Embedding sustainability in operations is achieved by tagging resources with sustainability-related information and providing information at the point of action to drive sustainable choices and behaviours. The integration of operational information with sustainability impact enables employees to make decisions that weigh the environmental, social, and economic concerns with the long term ability to sustain the business.

Much sustainability activity today is driven by the need to reduce the environmental footprint. While there is an economic basis to do so, the underlying metrics are unlikely to be adequate for a future in which sustainability is strategic and drives the top line and the bottom line. Industry specific metrics are needed to integrate economic, environmental, and social dimensions across the life cycle of products and services.

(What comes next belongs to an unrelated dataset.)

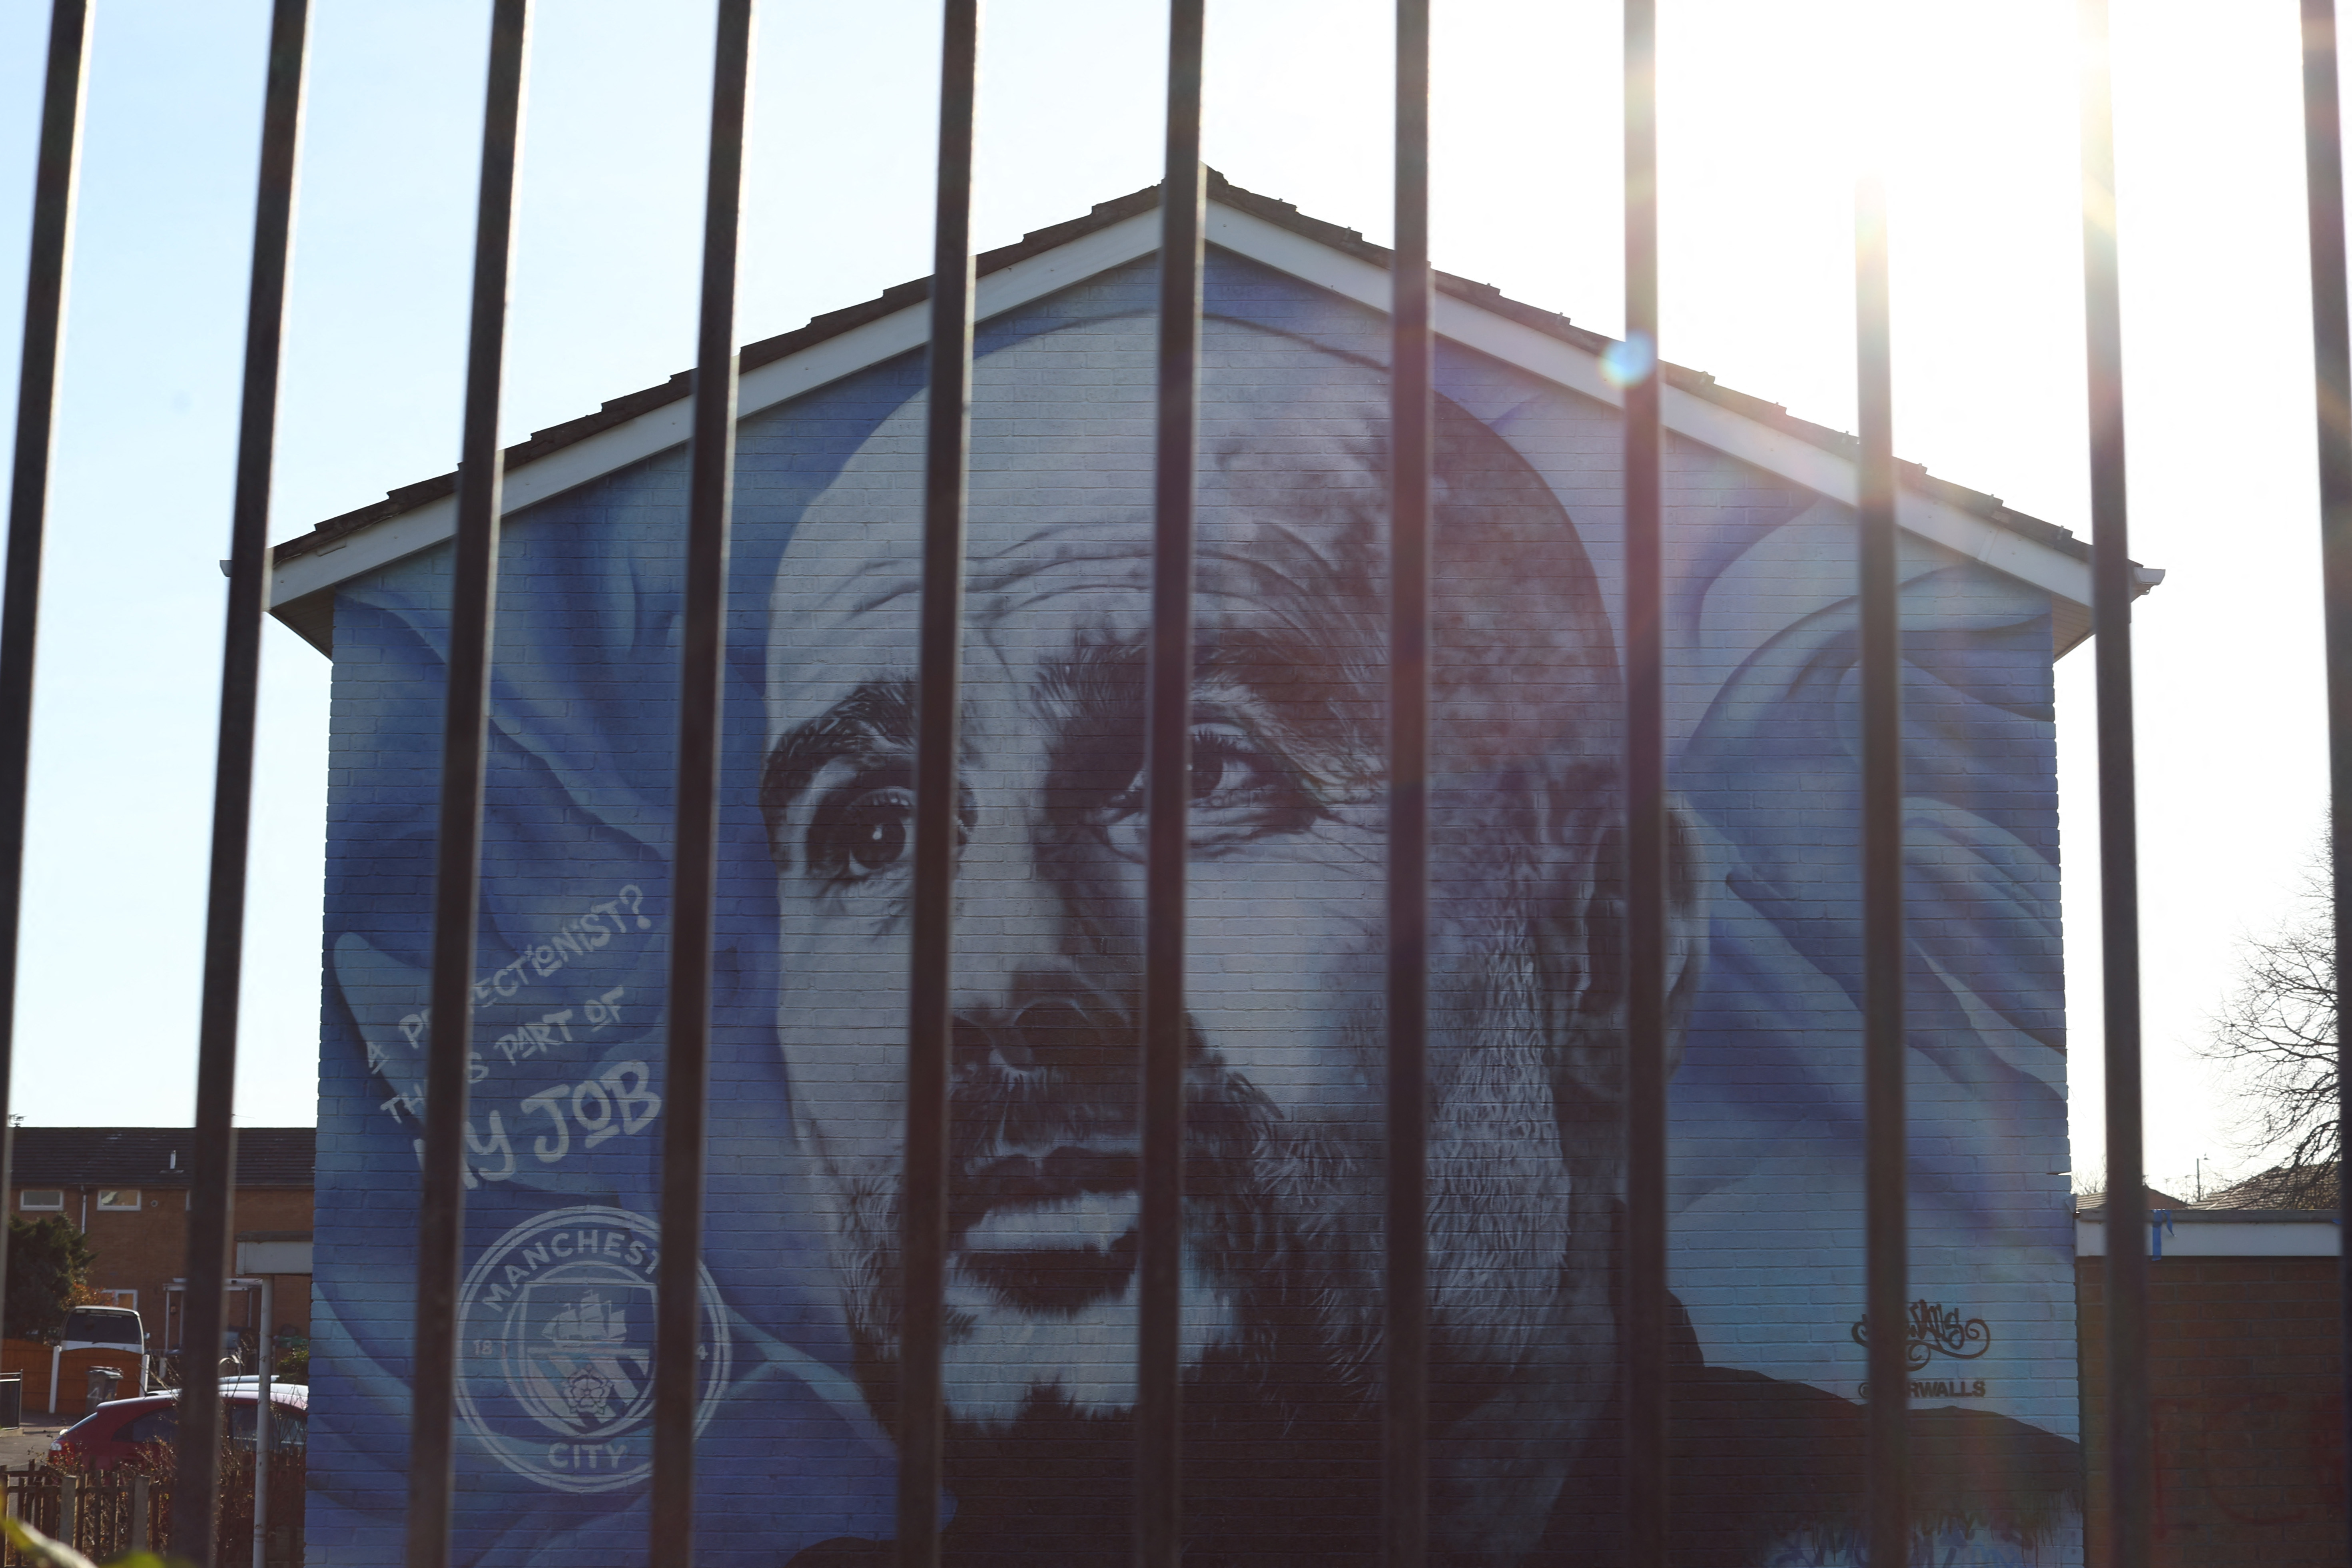 El Manchester City recurrió a varias irregularidades financieras durante la gestión árabe (REUTERS/Carl Recine)

Examples abound around the globe where leading organisations have developed such industry sustainability indices.

Sustainability performance depends on individual actions taken by all employees. Raising awareness to drive employee engagement is essential to embed sustainability values. IT plays an important role here. For example, many people are now using e-mail signatures that promote awareness for reducing printing and paper usage. A number of local companies have defined rules on what can be printed and what cannot be printed.  Some printers are now set up to prompt employees on  whether a particular print job is necessary and are able to track print costs and allocate them to individual employees. This enhanced accountability on use of resources is an effective tool in reinforcing sustainable practices as part of daily work routines.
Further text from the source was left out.